No entanto, o conjunto de comunidades étnicas e religiosas que constituem o país, tanto muçulmanas como cristãs, assim como o ressurgimento do integralismo islâmico, nunca representaram uma fonte de conflitos, pois em geral conviveram pacificamente. Os conflitos sectários que surgiram em Homs na verdade são iniciados e alimentados pelo próprio regime para criar uma cultura de medo entre os cristãos, alauítas e drusos e com isso evitar sua maciça adesão à revolução. A palavra de ordem cantada nas mobilizações é clara: “Um, um, um, o povo sírio é um só!”.

Uma revolução democrática e popular
O verdadeiro caráter da revolução na Síria tem de ser encontrado, então, nas condições concretas em que vivem as massas.

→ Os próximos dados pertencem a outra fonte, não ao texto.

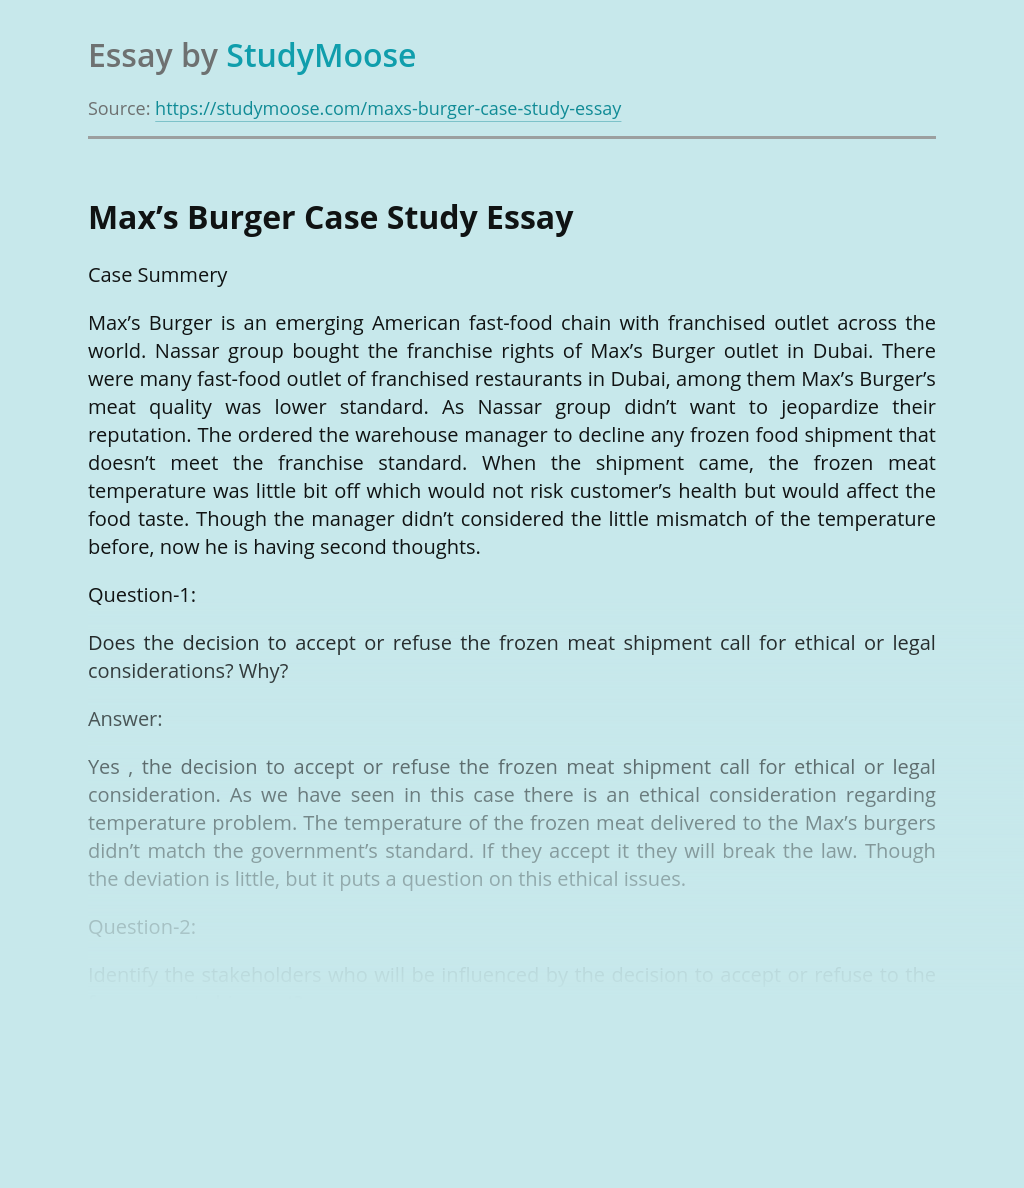 Max's Burger Case Study

Um regime de 40 anos de ditadura militar foi alquebrando as condições produtivas do país, levando o povo à debacle e a própria burguesia à paralisia econômica. A tal ponto chegou a hostilidade que até mesmo a maioria da burguesia, inclusive a sunita, que apoiava Bashar, vem se opondo a ele e ampliando o isolamento do regime. Mesmo a comunidade alauíta, que apoia majoritariamente o regime, o faz não por laços religiosos ou “tribais”, mas pela presença desproporcional na alta hierarquia do Estado e das Forças Armadas.

Assim, o que vem ocorrendo na Síria é uma revolução popular e democrática por melhores condições de vida e pelo fim da ditadura militar.

Apesar dos cinco mil assassinados pelo regime, dos milhares de presos e exilados no Líbano e na Turquia, a balança está pendendo contra Bashar. O momento é de aprofundar a revolução com um projeto político claramente anti-imperialista e democrático que atraia as bases do Exército, levando ao colapso do regime. Uma vitória na Síria terá um tremendo impacto em toda a região e no mundo, mostrando que a via revolucionária de transformação da sociedade voltou à agenda das lutas operárias, juvenis e populares.

Os últimos acontecimentos na região fortalecem a revolução na Síria. No Egito, a juventude retomou a Praça Tahrir e exige a saída imediata dos militares. No Bahrein, as mobilizações estão voltando. No Iêmen, a renúncia do ditador Saleh foi bem recebida nas ruas, mas sua anistia é amplamente condenada nas mobilizações. A revolução no mundo árabe continua pulsando, ainda que com graves perigos.

O primeiro e mais importante é a ausência de uma direção revolucionária com apoio de massas, que possa conduzir a revolução até a tomada do poder por um governo dos trabalhadores. O segundo é o desarmamento da população. É necessário que a população se organize em milícias armadas urgentemente, antes que seja totalmente dizimada pelo governo. Com as deserções no Exército, inúmeros grupos militares passaram a pertencer ao Exército Livre. A divisão do Exército sírio debilita o regime e é muito importante para a vitória das massas, mas é preciso que esse Exército esteja sob controle de uma direção revolucionária das massas sírias, para que não se converta em instrumento dos interesses da burguesia e do imperialismo. O terceiro perigo é uma intervenção militar exterior, que viria para esmagar a revolução e não para “salvar as massas”, como alardeia o imperialismo.

A única forma de evitar esses perigos é seguir adiante, fortalecer e centralizar os Comitês de Coordenação locais, estendê-los para as Forças Armadas e continuar lutando até a derrota definitiva de Assad.